Gov. Sarah Palin is out on the campaign trail telling the crowd that Obama pals around with terrorists and doesn’t see America the way she and her audience do. It’s true that many years ago Barack Obama was on some community boards with William Ayres, who had been a member of the Weather Underground when Obama was eight years old, and that Ayres hosted a fund raiser for Obama early in the senator’s career, but that doesn’t make them pals and it doesn’t mean that he even knows more than one (ex) terrorist. So, since Barack Obama has denounced the actions of the Weather Underground and has not associated with Ayres at all for many years, could Palin’s assertion be described as a truthful statement?
She also says Barack Obama is different than them. Of course he’s different. He’s a Democrat and she’s speaking to Republicans. She goes on to explain that he thinks America is imperfect. Well it’s true that he thinks the current administration is less than perfect, but if no one in Palin’s audience can see any room for improvement in the Bush administration, she must be talking to cardboard cutouts. Wait a minute, haven’t she and McCain beeen saying that they are mavericks who will change everything in Washington? So, could there be some other way that Obama is different? Hey, isn’t he a different color than they are? Surely she wouldn’t be implying anything like that.
Sarah Palin is another of those politicians we see every election cycle who dress up in the trappings of Christianity and tell lies, breed intolerance and stimulate visceral hatred for anyone whose views differ from theirs. The target audience of these hate-mongers is the group of people who describe themselves as loving, giving, tolerant, and, above all, the most moral people in America; the evangelical christians. And yet these good xians (actually I think they consider themselves the best xians) never seem to notice that what’s being said is at odds with a couple of those gosh darn 10 commandments they want to post in all public buildings. Apparently as long as politicians say they believe the world is 7 thousand years old and that zygotes are more important than post-partum people then none of the other rules count.

Friday, October 3, 2008

The Alaska Christian Heritage Week

When I heard that Gov. Palin signed a bill for an Alaska Christian Heritage Week, I had to take a look. Six quotes from our founding fathers were cited to demonstrate their Christian heritage. The quotes were from Ben Franklin, George Washington, Thomas Jefferson, James Madison, Patrick Henry and George Mason. The first four were not Christians. Sarah would have liked Patrick Henry; he wanted to make Anglican the official religion of Virginia.

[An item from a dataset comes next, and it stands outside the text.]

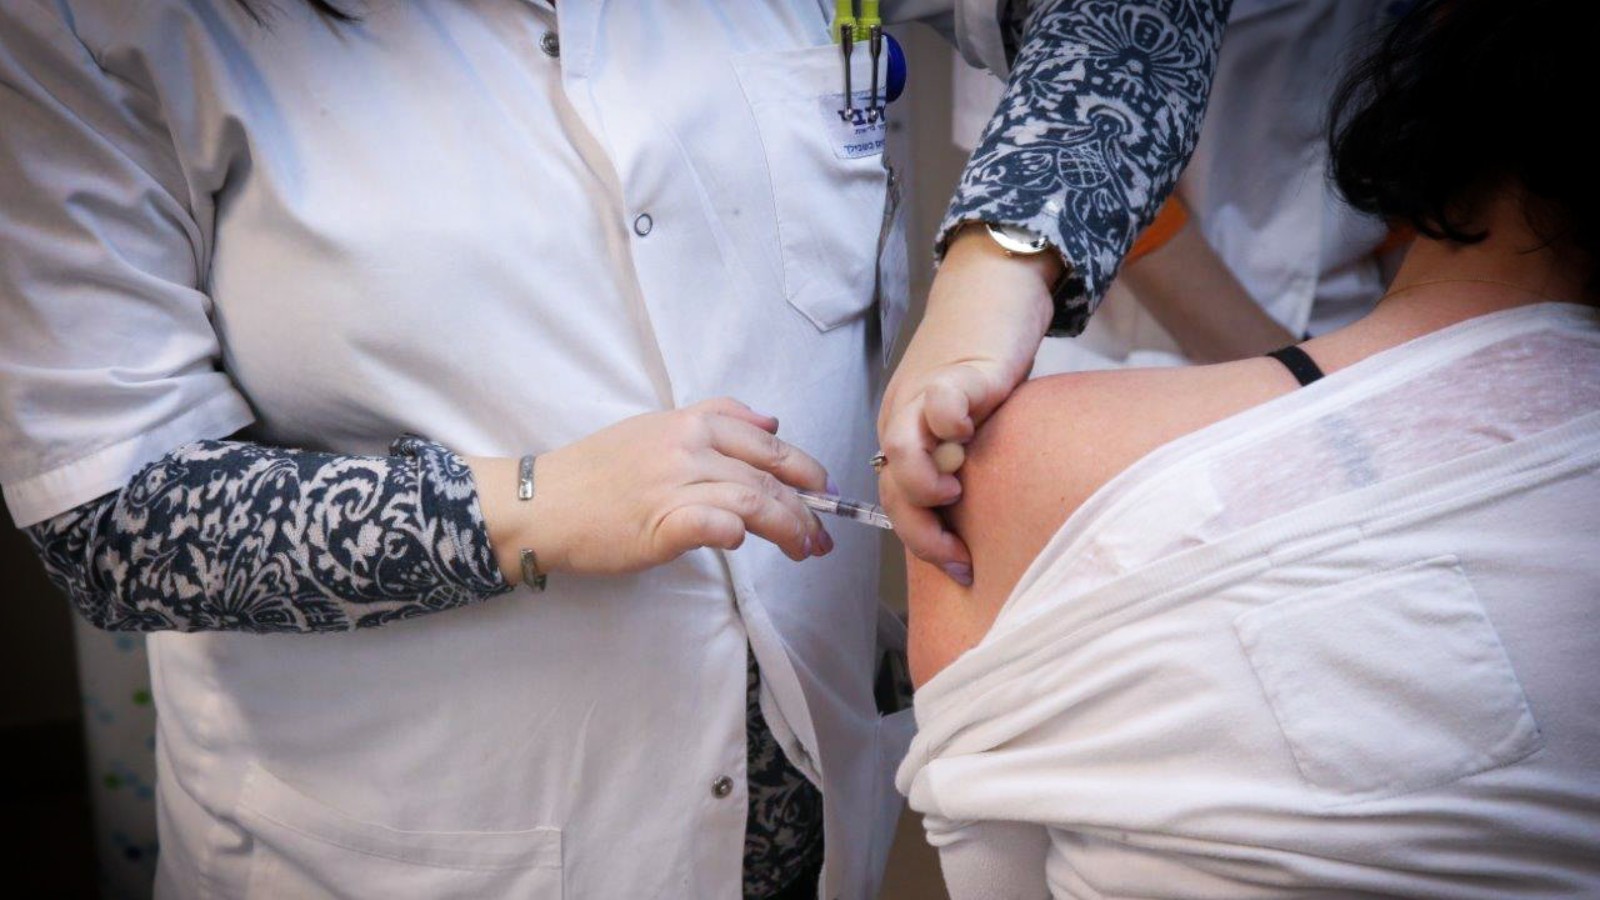 An Israeli woman getting a flu shot. Photo by FLASH90
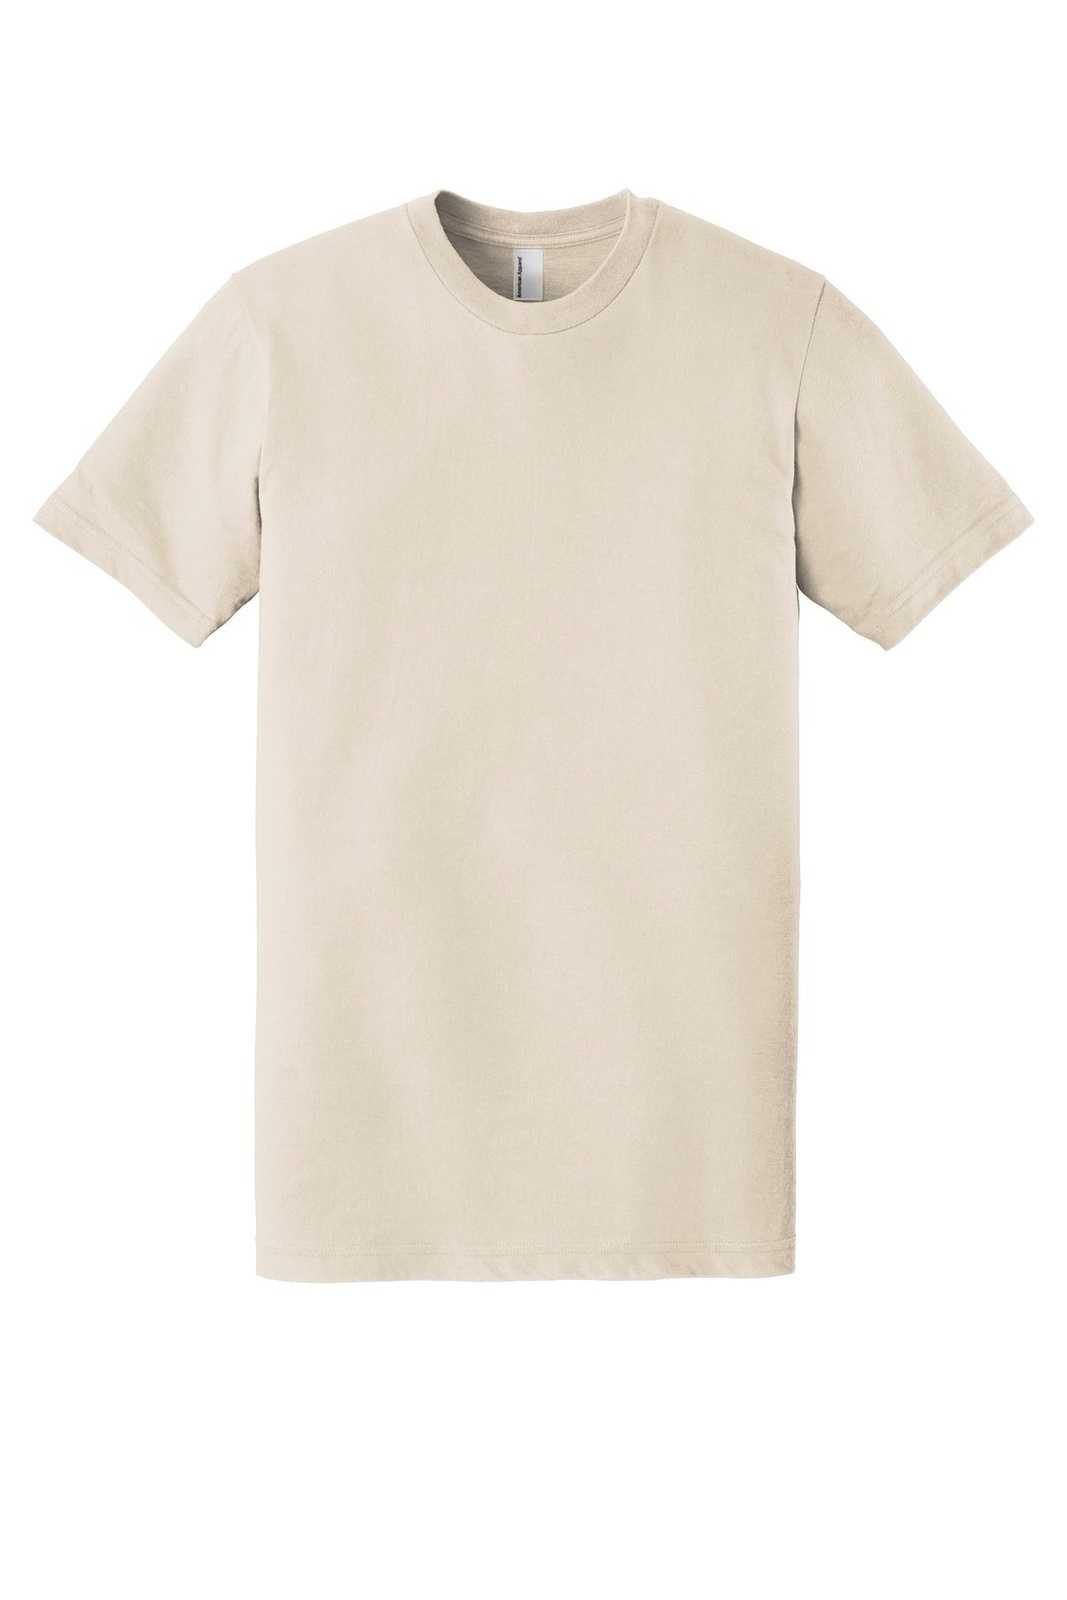 American Apparel 2001W Fine Jersey T-Shirt - Creme - HIT a Double

Lastly, I don’t know what George Mason’s religious beliefs were, but I know that the quote comes from the part of the VA constitution that guarantees freedom of religion.

Thursday, October 2, 2008

Freshwater Update

The start of John Freshwater's hearing, originally scheduled for yesterday was postponed until today. Only opening arguments will be heard today. I went by the building where the hearing is being held and it was pretty quiet. The hearing room only seats 35 people, so I couldn't go in, but Columbus' channel 4 (http://www.nbc4i.com/) and channel 28 (http://www.wtte28.com/) were there, so they should have the latest updates.
The results of todays hearing was that the school board said Freshwater was basicly running his own little Christian school inside the public school, that he injured children and that he refused to remove his bible from his desk. Freshwater's defence is that he denies doing anything that he's been accused of and, besides, when he did them he had the approval of the board. It will probadly be a month before a final decision is reached.